Had a GM who did it twice, once running 3.5, once running GURPS. Both times we banged our heads against the wall for 90 minutes or so, trying to read his mind about how we were going to get out.

If it follows from general principles of play, I don't mind at all. Mind controlled as the result of an NPC casting a Domination spell and I fail my save? No problem. Compelled to act by a vow / background that's part of my character, and the principles of the system demand my character to act? (This is Ironsworn's bread and butter, by the way.) Almost always okay, as long as it's not someone abusing the "Lawful Stupid" or "Chaotic Doofus" character traits.

Unilateral imposition of a GM declaration of "You're captured" with no option for the PCs to declare their own actions?

"Okay.
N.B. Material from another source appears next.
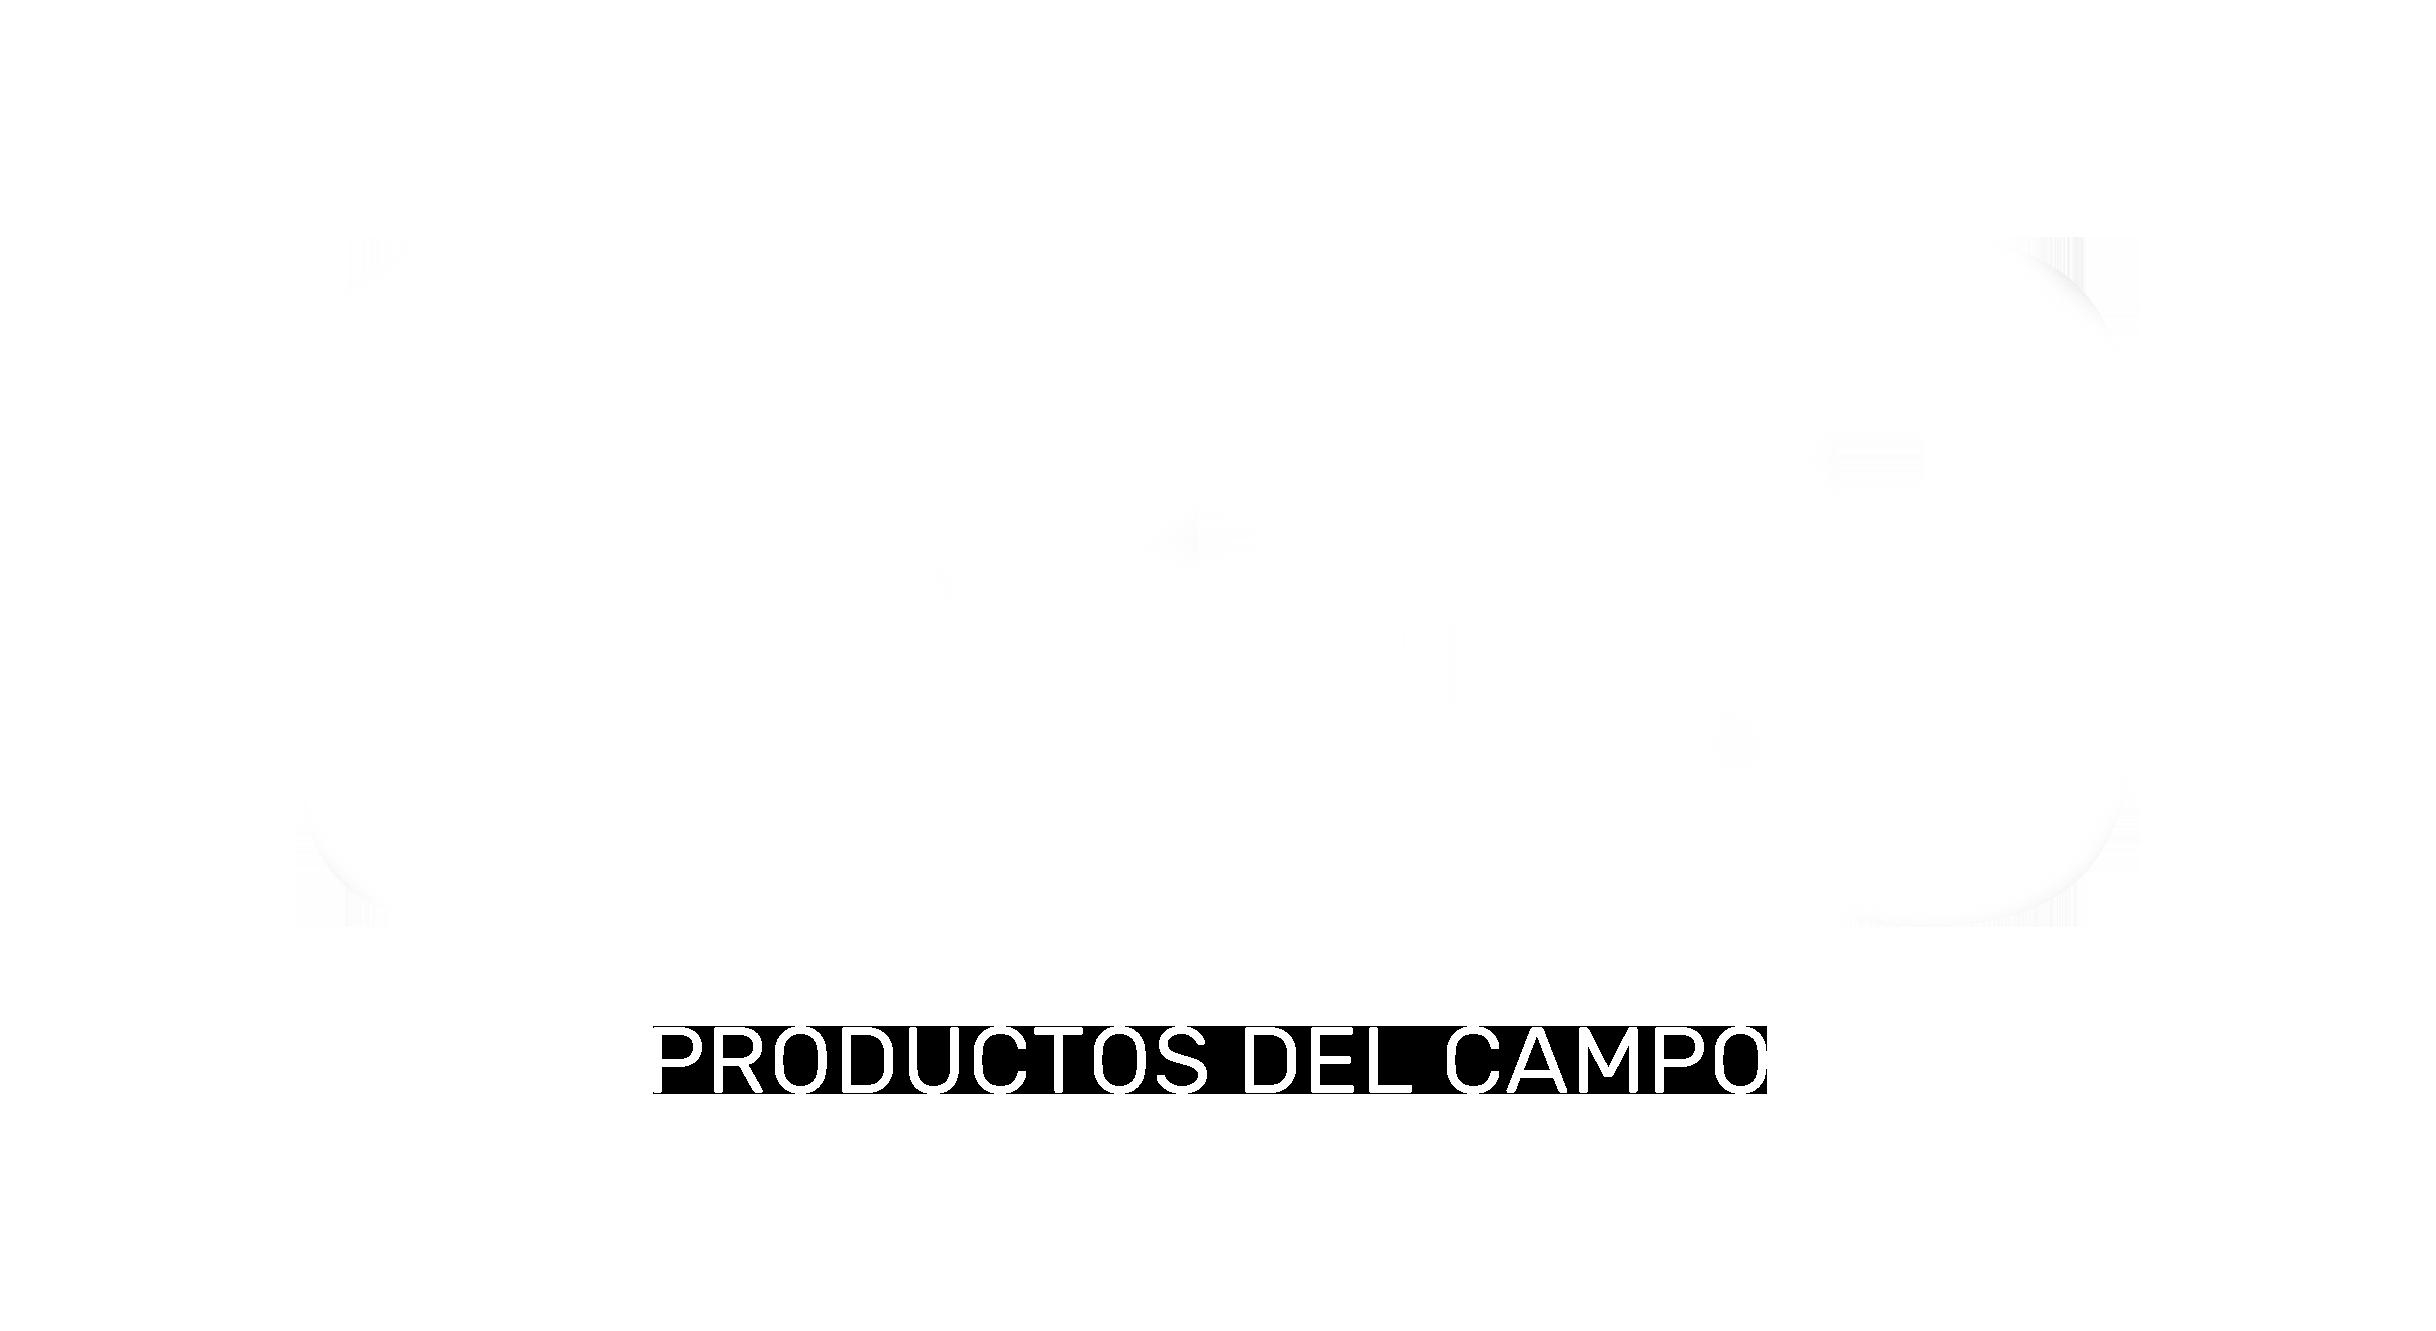 Productos del campo en Zamora

So can we skip to the part where the PCs get out, or should I go home now?"
 

loverdrive

Prophet of the profane (She/Her)
I can't quite go that far about characters.

But I think it's entirely true of our story. And while I always want to respect player agency with their characters, that means respecting their decisions, not always making the outcomes of those decisions what they were hoping for.
What character (any character, PC, NPC, or whatever else) can or cannot do is absolutely influenced by things outside of the character and outside of the player because, well, there are other participants. Unless it's a solo game, but then this whole discussion doesn't apply anyway.

In most games, you can't really say "lol I take a dump on the table", even if it's something that your character would do and it's something you want your character to do (damn, this gets complicated). You have to put your desires aside for the needs of the collective. You get to exercise control over your character's actions/feelings/whatever only as long as it serves the game.

I don't mind someone (or something — like, say, the rules) else assuming control through aggressive framing (e.g: You're at home, drinking yourself to death like you do every single day, when you hear commotion outside. What ya gonna do?), describing the outcome of an action (You try to squeeze the trigger... And you can't. You're not that heartless.) or whatever else, as I don't expect to have it all the time.

What I see as violation of agency is when you're given a choice, but then it gets ignored. That I hate with burning passion.